Meditacion 17 de Septiembre … Conductas con las nuevas relaciones

En la recuperación hablamos mucho acerca de las conductas que se siguen en las relaciones nuevas: permitirles a los demás ser ellos mismos sin reaccionar excesivamente y tomarnos las cosas en forma personal, y adueñarnos de nuestro poder para cuidar de nosotros mismos. Hablamos acerca de dejar ir nuestra necesidad de controlar, concentrándonos en la autoresponsabilidad, y en no disponernos a ser víctimas concentrándonos en la otra persona al tiempo que nos descuidamos a nosotros mismos.
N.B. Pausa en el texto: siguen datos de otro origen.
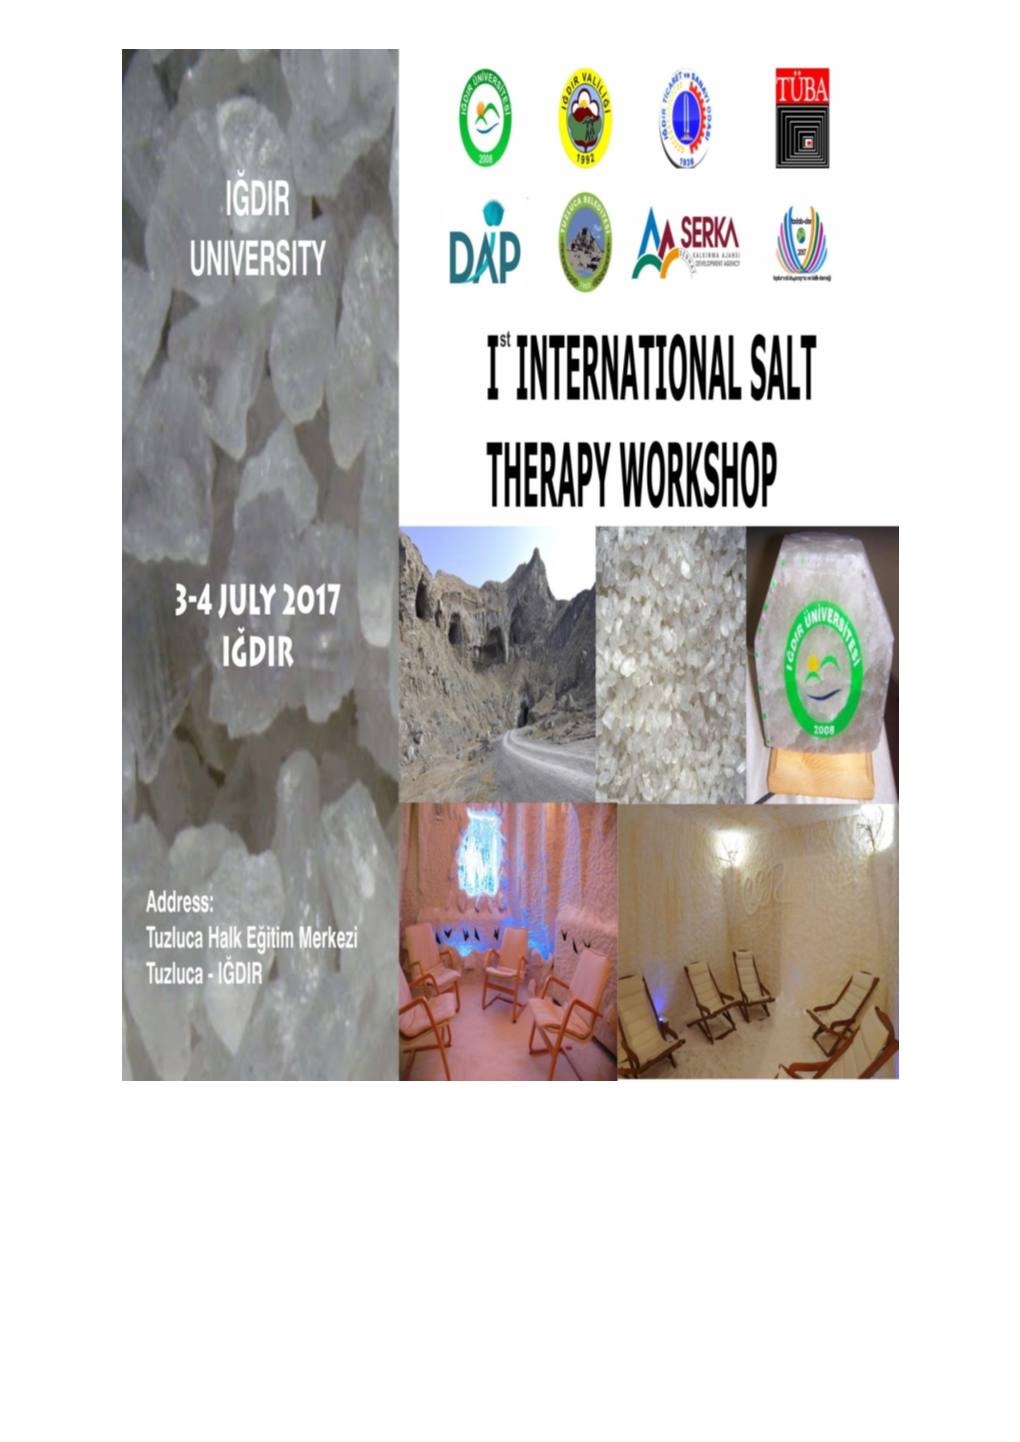 The FIRST INTERNATIONAL SALT THERAPY WORKSHOP

Hablamos acerca de tener y de fijar límites sanos, de hablar directamente y de asumir la responsabilidad por lo que queremos y necesitamos.
Aunque estas conductas ciertamente nos ayudan a lidiar con la gente adicta, no son conductas diseñadas sólo para utilizarse en lo que llamamos “relaciones disfuncionales”.
Estas conductas son nuestras nuevas conductas en las relaciones nuevas. Nos ayudan en las relaciones tirantes. Nos pueden ayudar a atravesar épocas de estrés en las relaciones sanas.
Las conductas de recuperación que estamos aprendiendo son herramientas –destrezas para tener relaciones sanas- que nos ayudan a mejorar la calidad de todas nuestras relaciones.
Recuperación significa cuidar de uno mismo –aprender a cuidarnos y a amarnos a nosotros mismos -con la gente. Entre mas sanos nos volvamos, mas sanas se volverán nuestras relaciones. Y nunca dejaremos de tener necesidad de conductas sanas.

“Hoy me acordare de aplicar mis conductas de recuperación a todas mis relaciones, con amigos y compañeros de trabajo, al igual que en cualquier relación amorosa especial. Trabajare duro por cuidarme a mi mismo en las relaciones difíciles, averiguando cual habilidad seria mejor aplicar. También considerare las formas como se podrían beneficiar mis relaciones sanas con mis nuevas destrezas para manejar relaciones”.

(Melody Beattie de su Libro El Lenguaje del Adiós).